Sighing, I reach for the magic of the Arcanaeum and murmur, “ Riviel treame. ”
“Is that, like, a healing spell?” Eddy asks her brother.
I answer for him, because he hasn’t even touched divination magic yet. “It allows me to see where your body is under duress.”
And right now, her spine and lungs are lit up with a bright glow. Her legs are illuminated too, but fainter.
Paralysed from her upper spine down, and her lungs aren’t working properly as a result. She’s lucky she has use of her arms. Someone has put effort into making sure her leg muscles haven’t atrophied, but they’re still not as strong as they should be, which is why they’re also glowing.
If I don’t heal her, she probably will die of pneumonia or some other lung condition sooner or later, just like she said.
“High spinal lesion,” I mutter. “Why is it never anything simple?”
I’m talking to myself as I try to recall how best to treat this. My mind is flicking through books, and as I think, they pile up on the desk beside me. I pore over the first, flicking through pages of anatomical diagrams and runeforms.
Perhaps that’s why I don’t see North coming as he leans forward, trying to read the titles. Too close for comfort. If I were solid, he would be brushing against my back as he looms over me.
But because I’m not, his chest passes straight through my shoulder.
Pure, undeniable feeling erupts seconds later.
It’s a moment of inattention that costs me dearly. The kind of thing that only happens when two people are caught in a horrible accidental twist of fate. I watch North’s eyes widen the second he realises what he’s done, and he pulls back sharply, but he’s too late.
Pain prickles across my arm, and I flinch as a familiar crack that only I can hear ricochets through the Arcanaeum.

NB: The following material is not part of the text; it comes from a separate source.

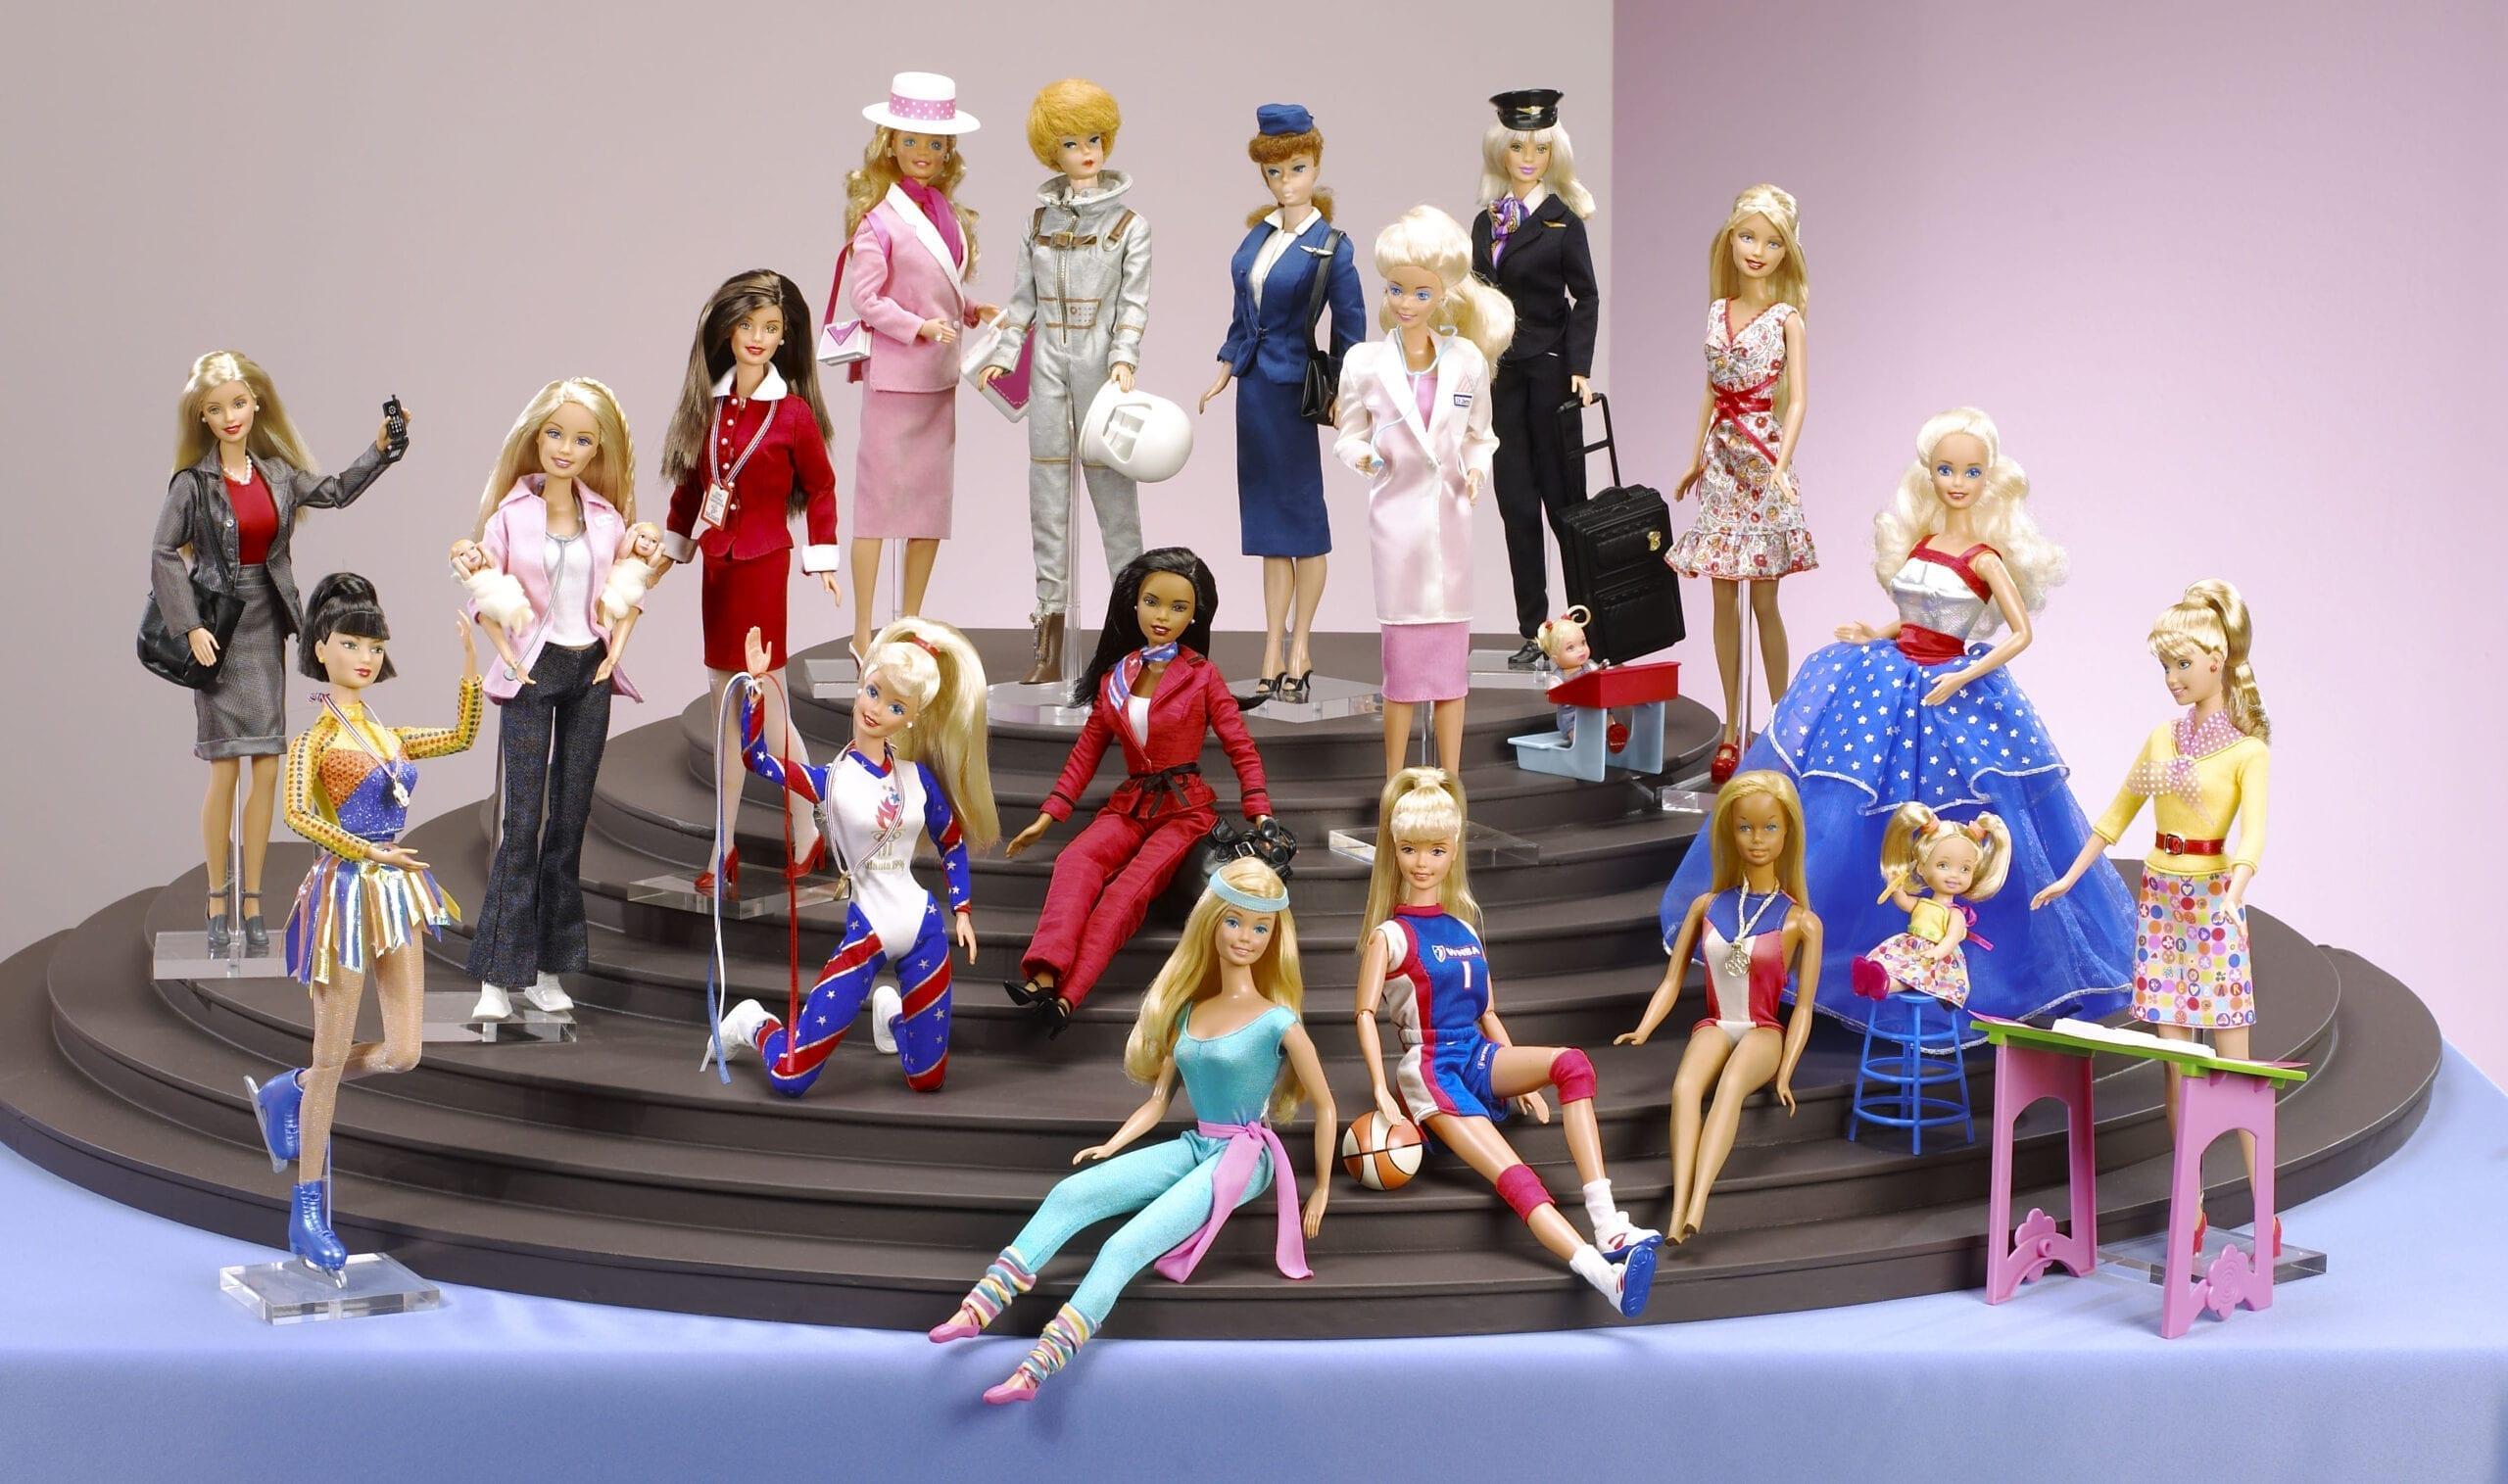 mudec barbie, theladycracy.it, elisa bellino, fashion blog italia, mudec barbie

The spiritual flesh of my right arm rips, tearing all the way from my shoulder to my wrist. If I had a physical heart, it would’ve stuttered, and then sunk with dread, yet the Arcanaeum doesn’t react at all.

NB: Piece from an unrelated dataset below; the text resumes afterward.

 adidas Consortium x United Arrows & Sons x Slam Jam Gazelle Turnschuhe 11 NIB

North shoves away so hard that he trips over a stack of books, landing on his ass as the temperature around us plummets.
“What the hell was that?” Eddy asks, the glow receding from her body as I lose all focus and look down at my now-matching arms. “Are you okay?”

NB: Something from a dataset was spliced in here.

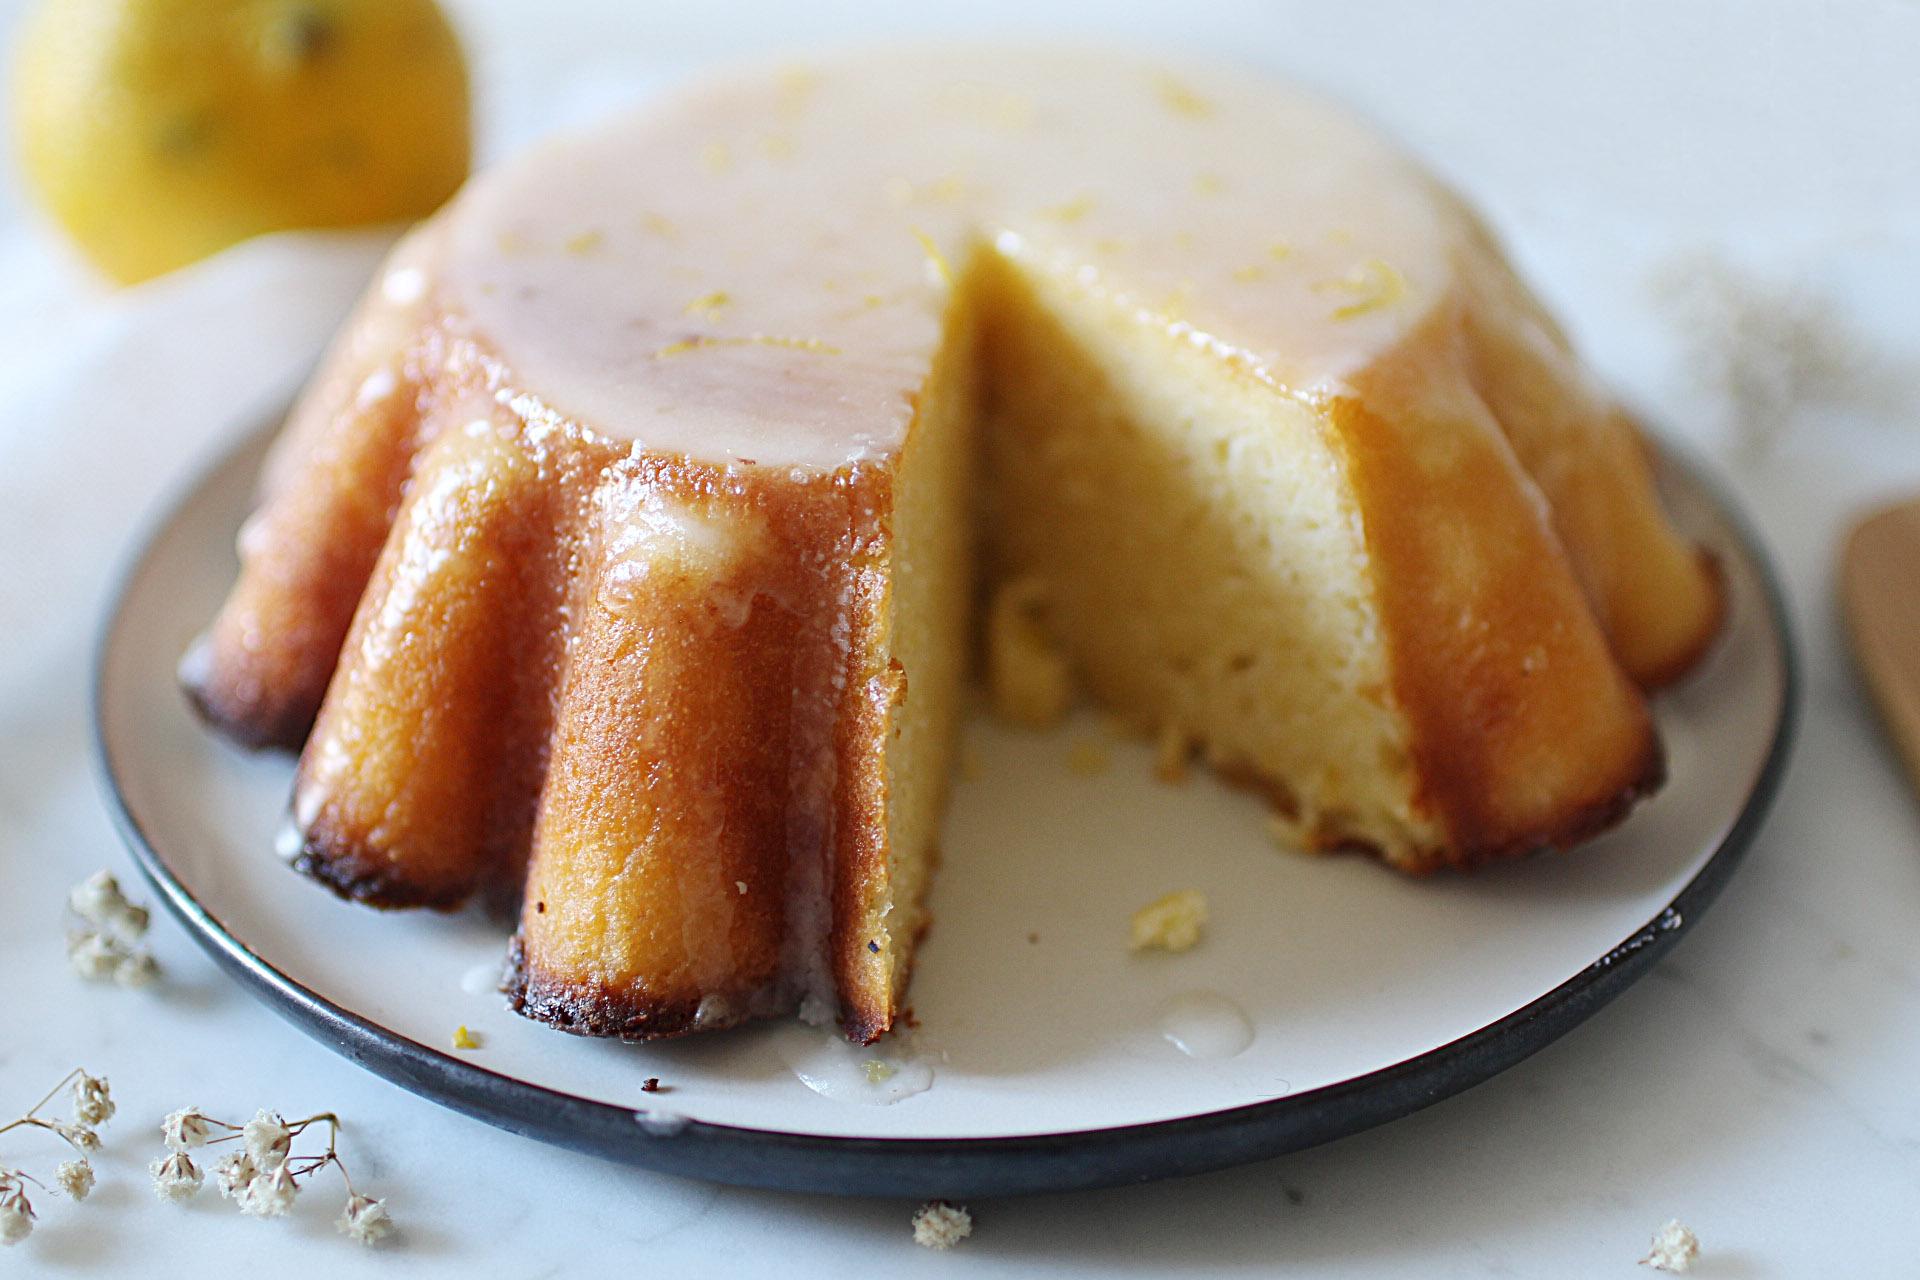 gateau_recette_polenta_bergamote

“Fine.” The hitch in my voice is barely there. “I’m fine.”
I want to flee to the Vault, to check the evidence I know will be there, but I restrain myself.
“I didn’t mean—I’m sorry.” To his credit, North looks actively contrite. “Shit. I just wanted to see?—”
Banishing him won’t work, but the flash of anger that runs through me urges me to do it, anyway. At least then I’d have a few short hours where I’m less at risk. I would distance myself, but I don’t want to. They need my help, these arcanists with the power to wreck me. I haven’t been needed—or been seen as more than just furniture—for so many years.
Yet here I am, healing people, tutoring Lambert and North, working to break Leo’s curse.
Deep down, I know I should’ve died a long, long time ago. My existence is unnatural, and selfishly, I want to spend what time remains being reminded of what it is to truly live. To pretend that I have…friends, people who know me by name and smile when they see me.
And the price for that appears to be the death I should’ve been granted a long time ago.
They’re staring at me—and rightly so, given that I’m floating in silence.
“Please, refrain from touching me in the future,” I reply, stiffly. “Sit down, Mr Ackland, and let me get on with healing your sister.”